» **PROBLEM REQUIREMENTS**
From the line that holds "Kühlschrank Candy : Kühlschrank" down to the last line of the listing below, transcribe exactly and only those lines. Leave pictures out.

» **DATA BLOCK**
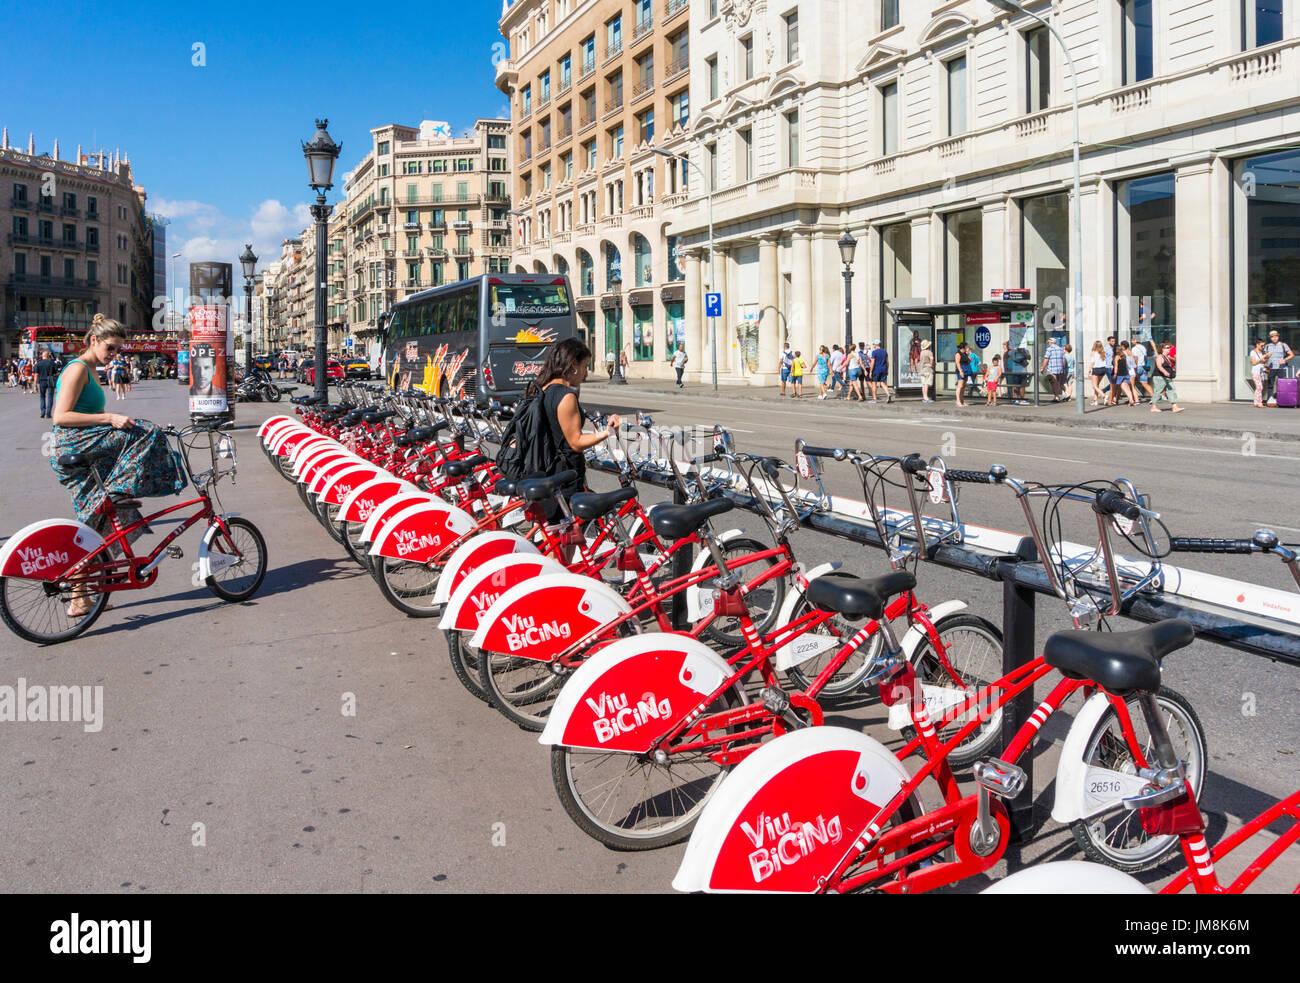 Barcelona Spain Catalunya barcelona Plaça de Catalunya Santander bikes cycle hire woman on bike central square of Barcelona spain eu europe Catalonia - Stock Image
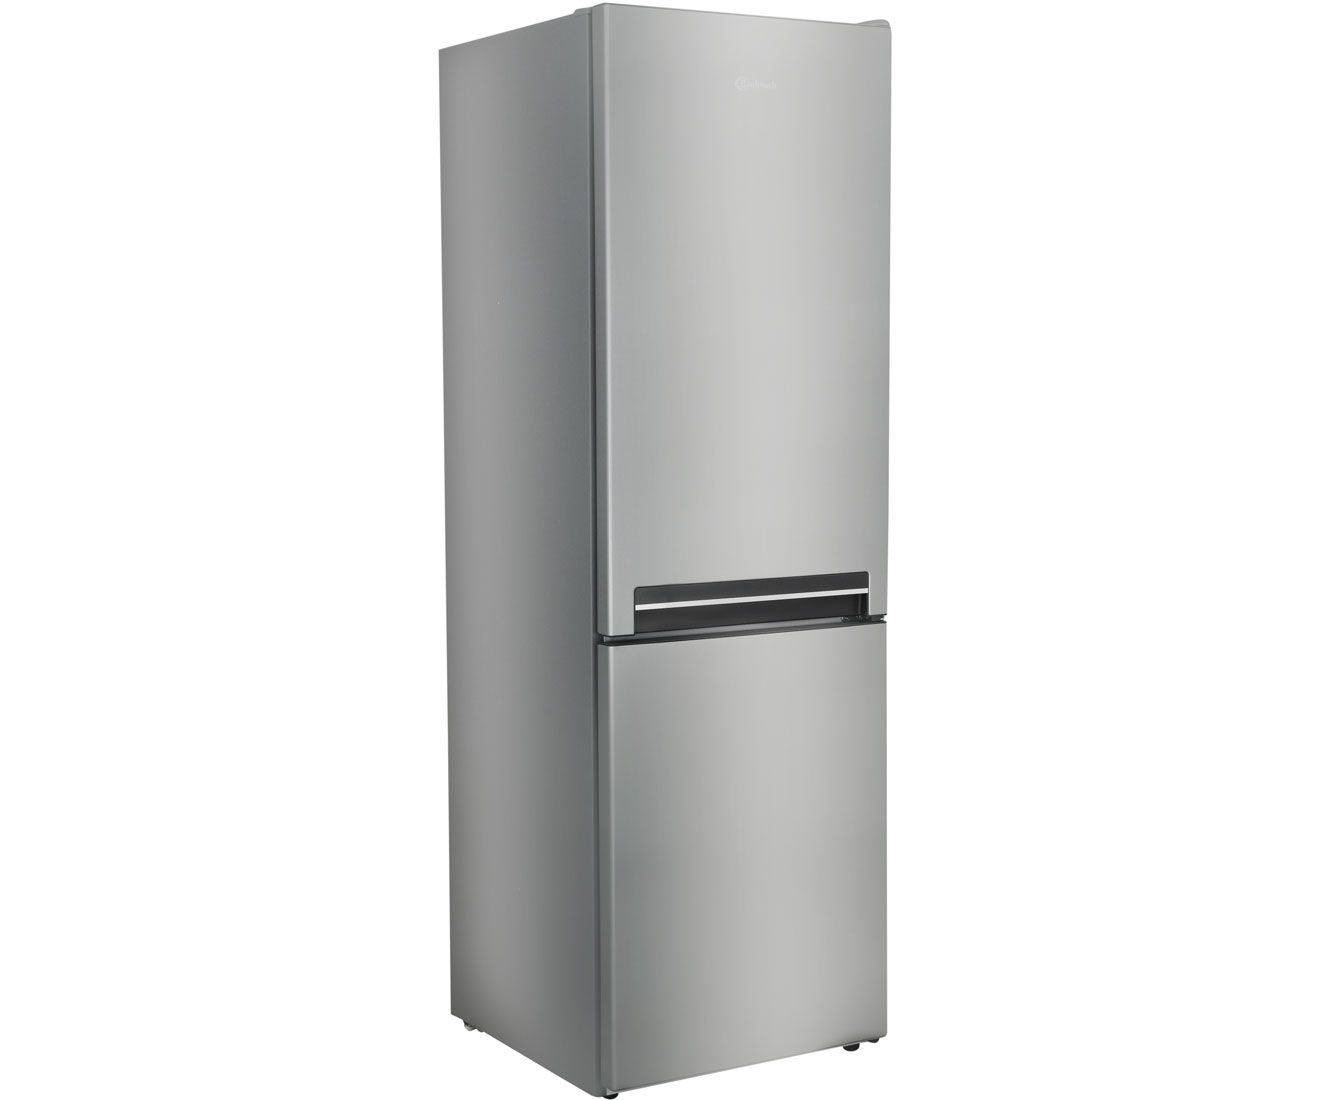 Kühlschrank Candy : Kühlschrank candy kühlt nicht opel frigidaire kühlschrank baujahr
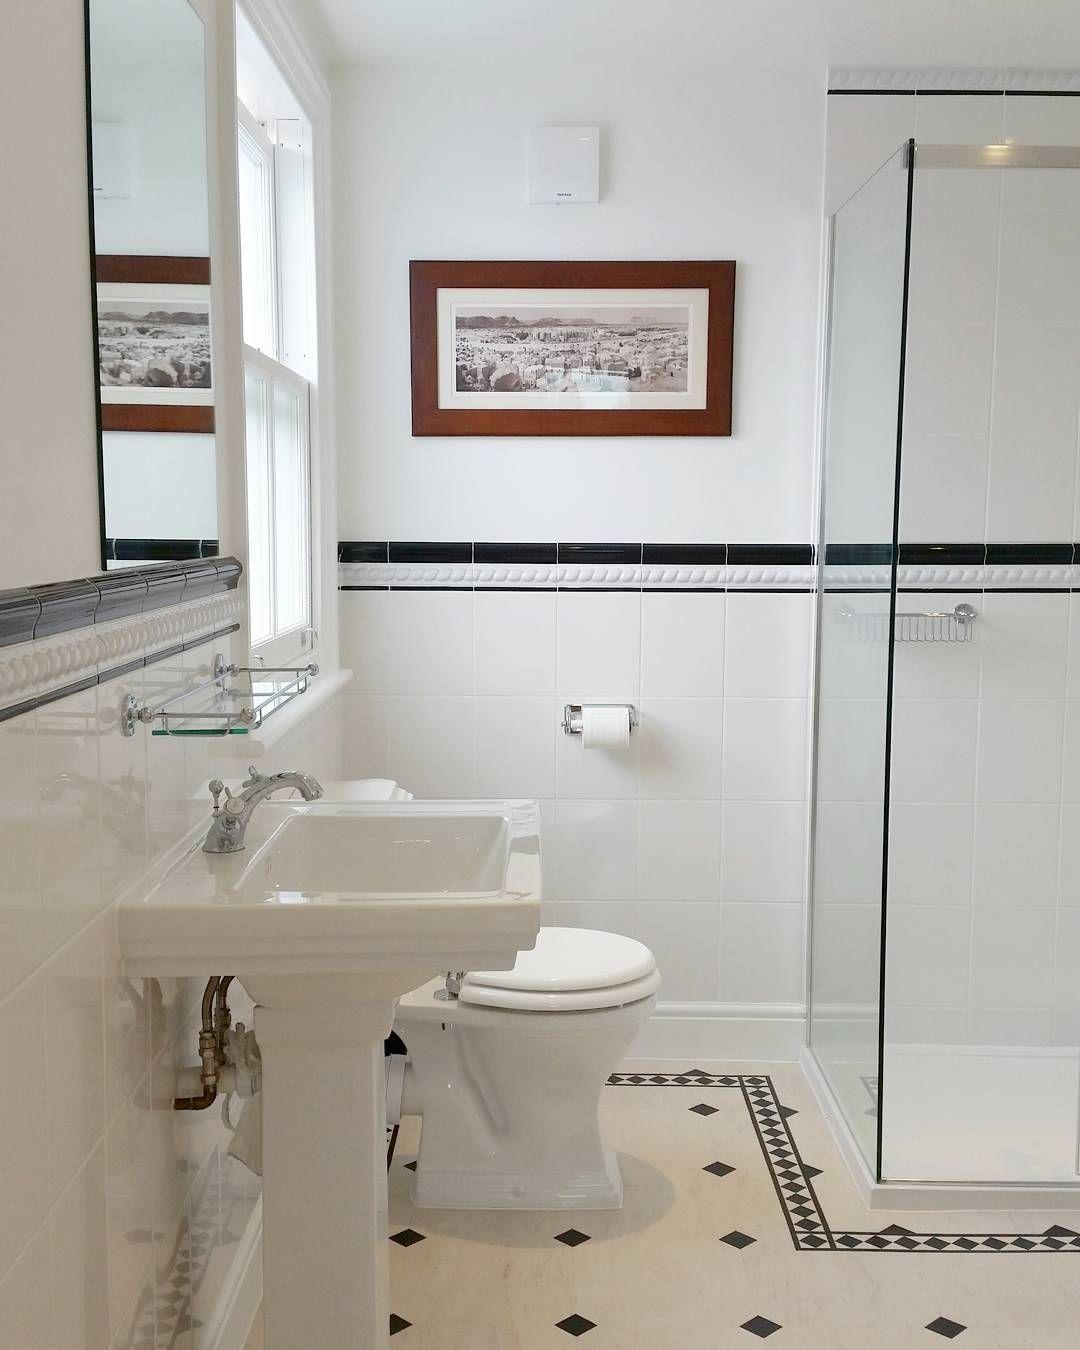 A gorgeous shower room in a loft built by @CubeLofts of Teddington ...

» **RESULT OF THIS EXERCISE**
 Kühlschrank Candy : Kühlschrank candy kühlt nicht opel frigidaire kühlschrank baujahr
 A gorgeous shower room in a loft built by @CubeLofts of Teddington ...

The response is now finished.